Trump administration to end refueling for Saudi coalition aircraft in Yemen
By JOHN HUDSON AND MISSY RYAN | The Washington Post | Published: November 9, 2018
The Trump administration is ending the practice of refueling Saudi coalition aircraft, halting the most tangible and controversial aspect of U.S. support for the kingdom's three-year war in Yemen, people familiar with the situation said.
The move comes amid escalating criticism of Saudi Arabia's conduct in the war. Lawmakers from both parties have demanded that the United States suspend weapons sales to Riyadh and cut off aerial refueling of aircraft flown by the Saudi coalition, which monitoring groups have accused of killing thousands of unarmed civilians.
While the individuals familiar with the discussions said a decision is expected to be made public in coming days, Col. Robert Manning III, a Pentagon spokesman, said: "We have ongoing discussions with our partners, but have nothing to announce at this time."
Analysts said the move would limit Saudi Arabia's ability to conduct bombing missions.
"This marks the first time that the United States has taken a concrete measure to rein in the Saudi war effort," said Bruce Riedel, a former CIA officer and scholar at the Brookings Institution. "Two administrations have basically given the Saudis a blank check to do whatever they wanted. Now it will be harder for the Saudis to carry out airstrikes deep into Yemeni territory, going after the capital for instance."
It wasn't immediately clear whether the move was initiated by Washington or Riyadh, both of which are anticipating a tougher congressional stance on the war. Several of the individuals, who spoke on the condition of anonymity to discuss a decision that had not been made public, said the move was prompted at least in part by the Saudi military's increased aerial refueling capability.
The decision is not expected to have a significant effect on air operations by the United Arab Emirates, a member of the coalition, which are flown from just across the Red Sea in Eritrea and primarily target al-Qaeda militants rather than the Houthi rebels.
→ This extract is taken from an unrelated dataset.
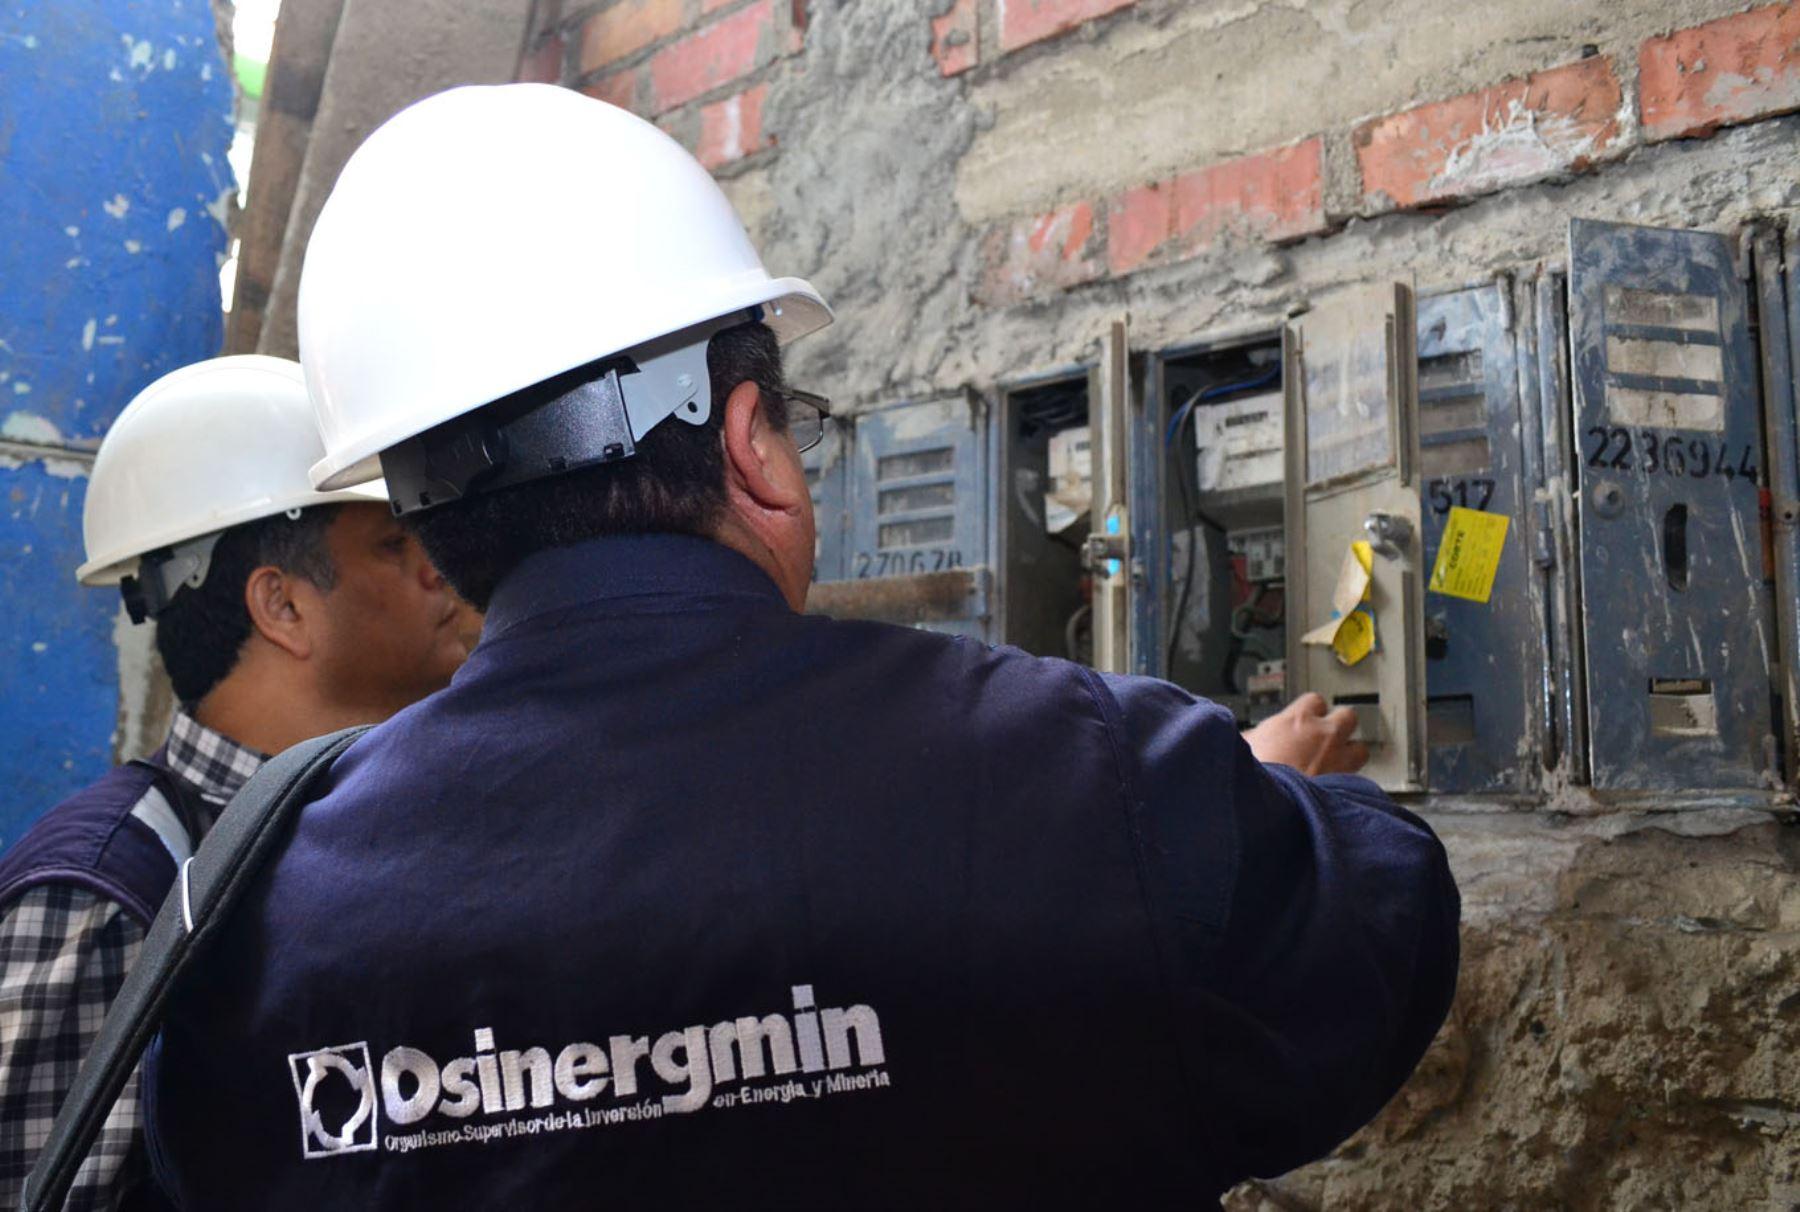 Osinergmin actualiza tarifas eléctricas en función a factores macroeconómicos

The U.S.-Saudi relationship has come under closer scrutiny since Saudi Arabia's acknowledgment that a prominent Saudi journalist was killed by Saudi agents last month. Democrats, bolstered by a string of midterm victories in the House, have also called for greater oversight of the war.
While military officials have continued to publicly defend the Saudi-led coalition's efforts to avert civilian casualties, privately they have expressed a feeling of being stuck between a rock and a hard place. Military leaders, many of whom have years of experience working closely with Gulf allies, see Saudi Arabia as a key partner in the counterterrorism fight that has dominated Pentagon operations since 2001. They also share Riyadh's concern about Iran's reach through proxy forces and want to show support for the kingdom as it grapples with repeated missile and other attacks from the Houthi rebels.
But the officials are also frustrated that they are blamed for atrocities in a conflict in which they believe they have a minor supporting role and often little ability to shape. U.S. tanker activity represents only about a fifth of overall refueling activity for the coalition's campaign over Yemen, according to the Defense Department.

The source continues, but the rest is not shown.